Repeat all of the data word for word so that only the pictures are missing from the copy.

## Data extract
______

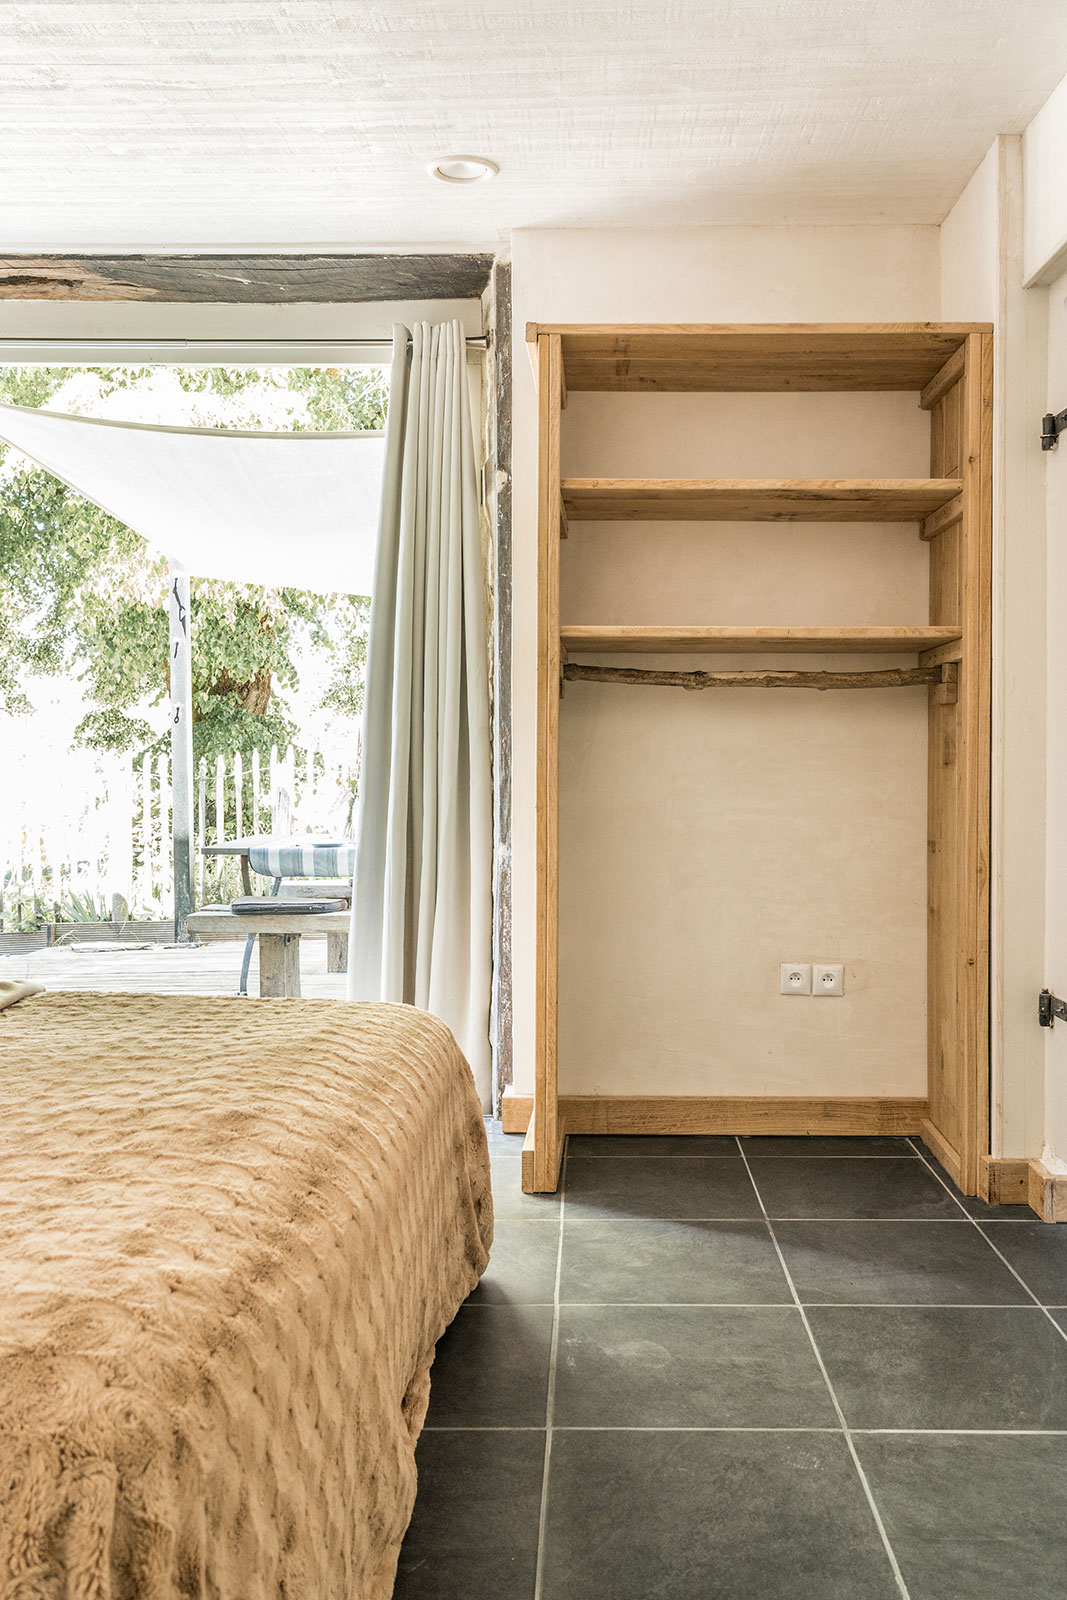 Interieur sfeer vakantiehuis LOTT Coussac-Bonneval binnen slaapkamer boxpringbed openslaande tuindeuren naar terras
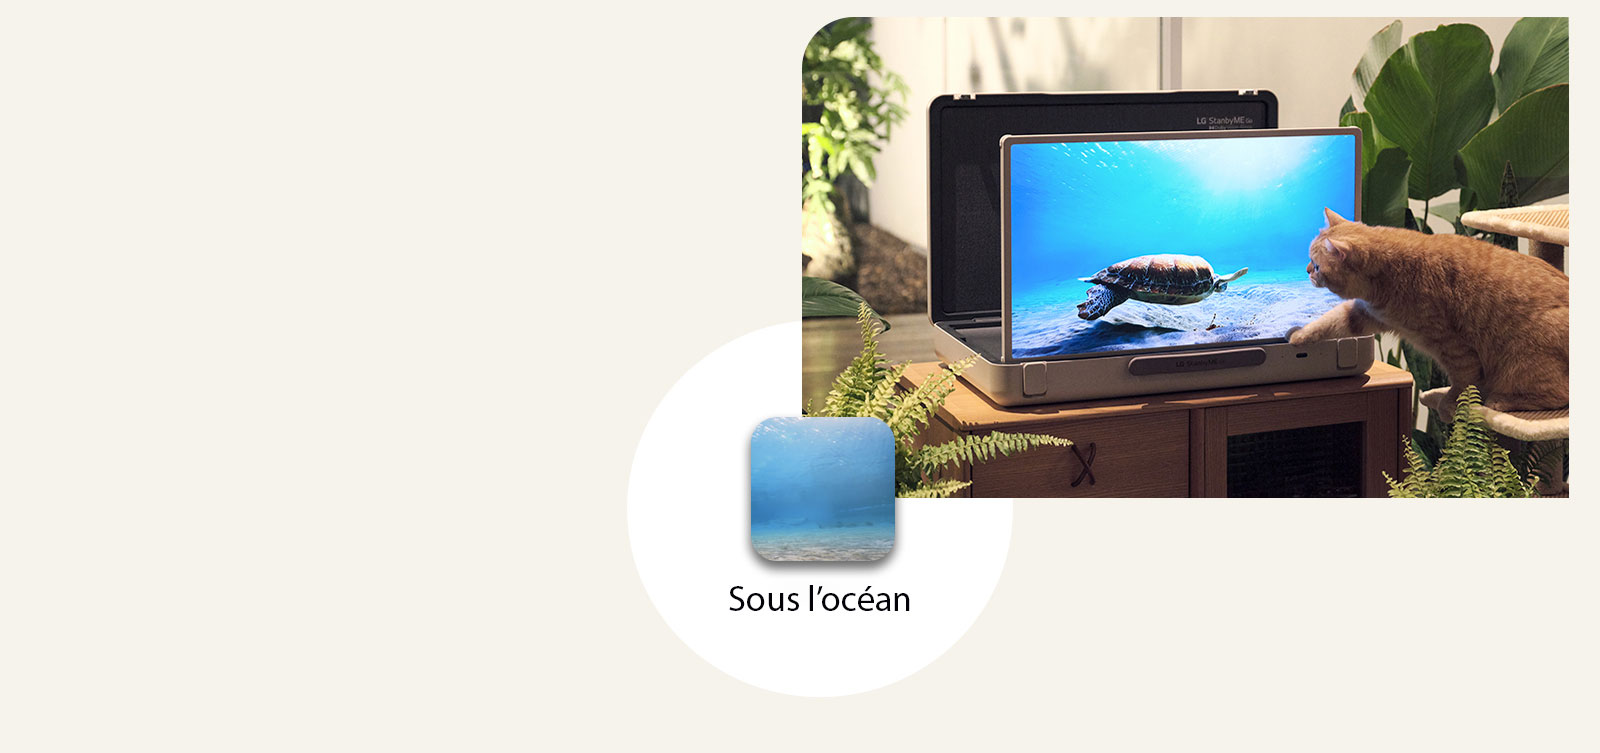 Le LG StanbyME Go est placé dans le jardin, et l’écran montre sous l’océan. Face à l’écran, un chat est assis sur un tabouret, essayant d’attraper une tortue à l’écran.
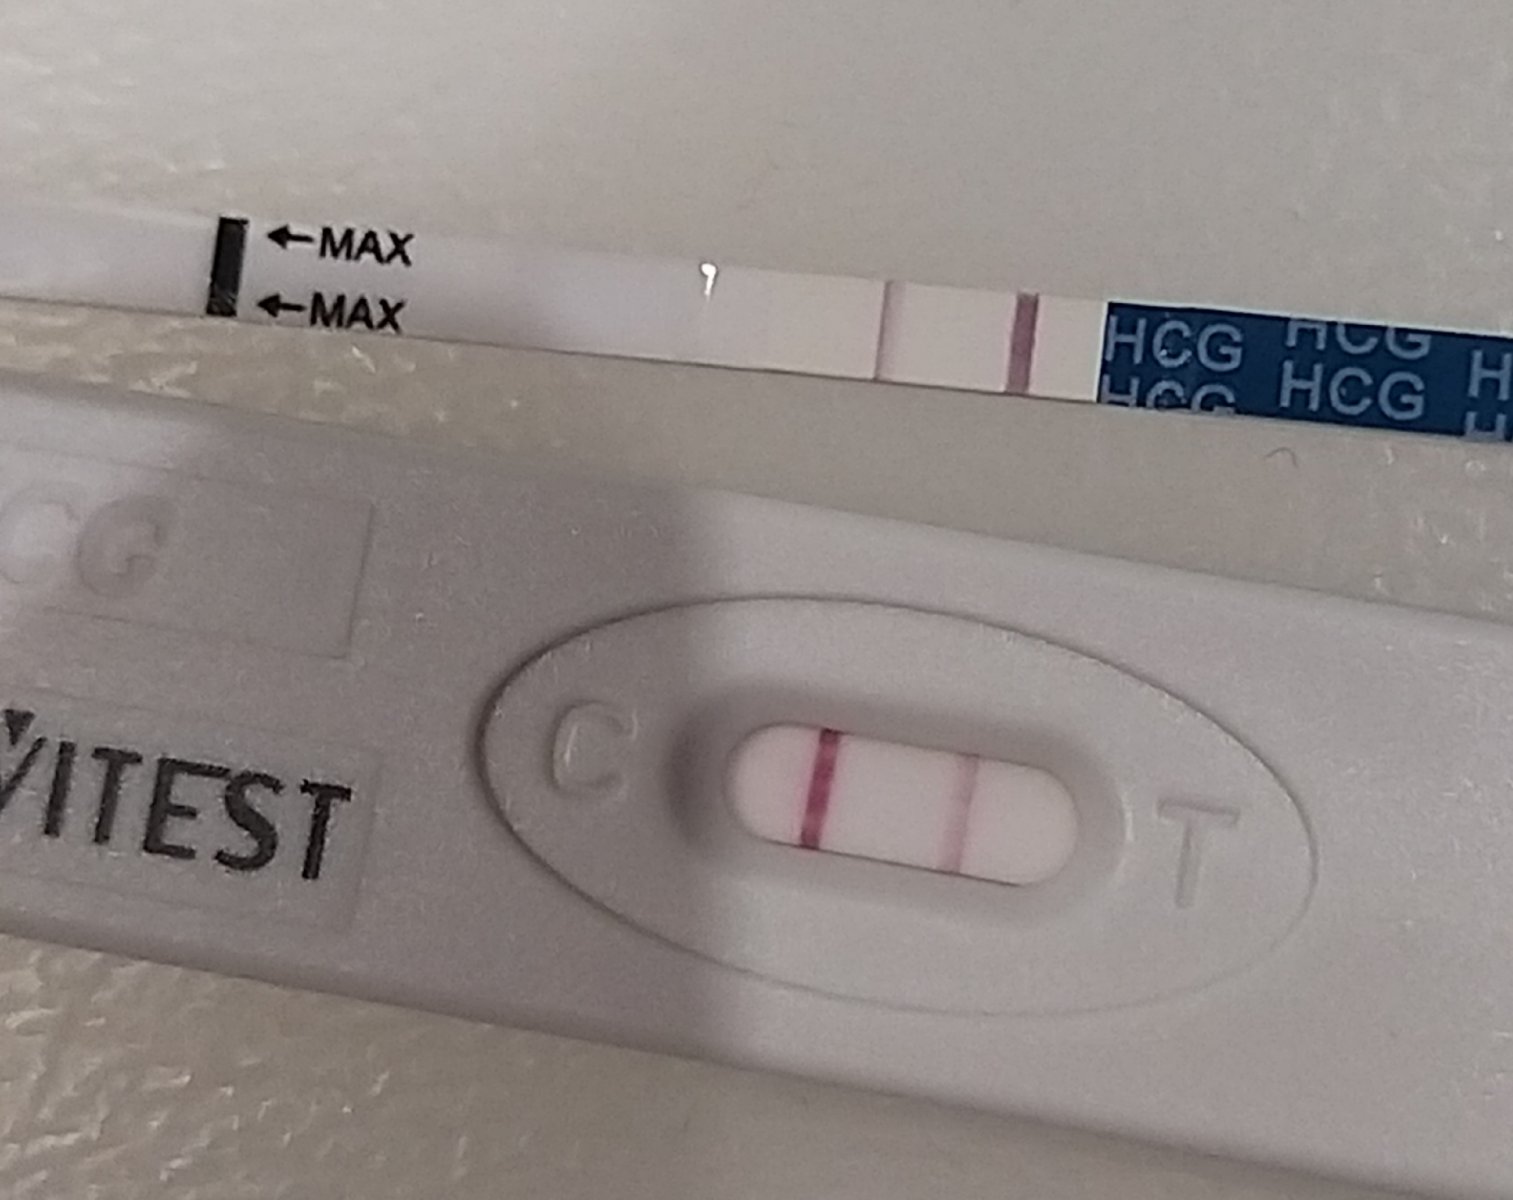 Положительный тест на беременность
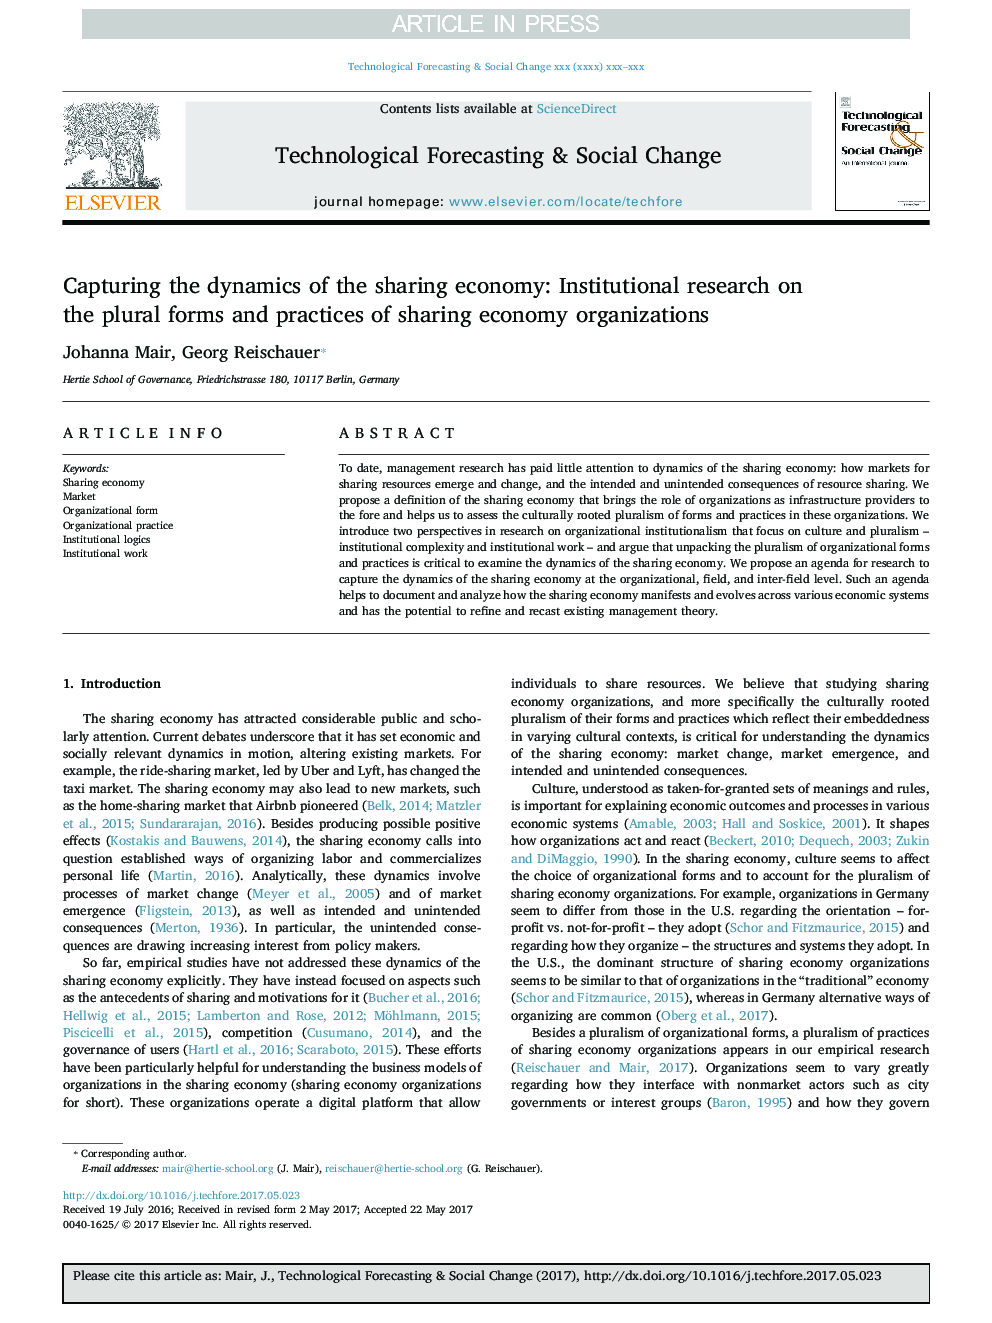 ضبط پویایی اقتصاد به اشتراک گذاری: تحقیقات نهادی در مورد اشکال و شیوه های اشتراک سازمان های اقتصادی

______

## Completed exercise
 Interieur sfeer vakantiehuis LOTT Coussac-Bonneval binnen slaapkamer boxpringbed openslaande tuindeuren naar terras
 Le LG StanbyME Go est placé dans le jardin, et l’écran montre sous l’océan. Face à l’écran, un chat est assis sur un tabouret, essayant d’attraper une tortue à l’écran.
 Положительный тест на беременность
 ضبط پویایی اقتصاد به اشتراک گذاری: تحقیقات نهادی در مورد اشکال و شیوه های اشتراک سازمان های اقتصادی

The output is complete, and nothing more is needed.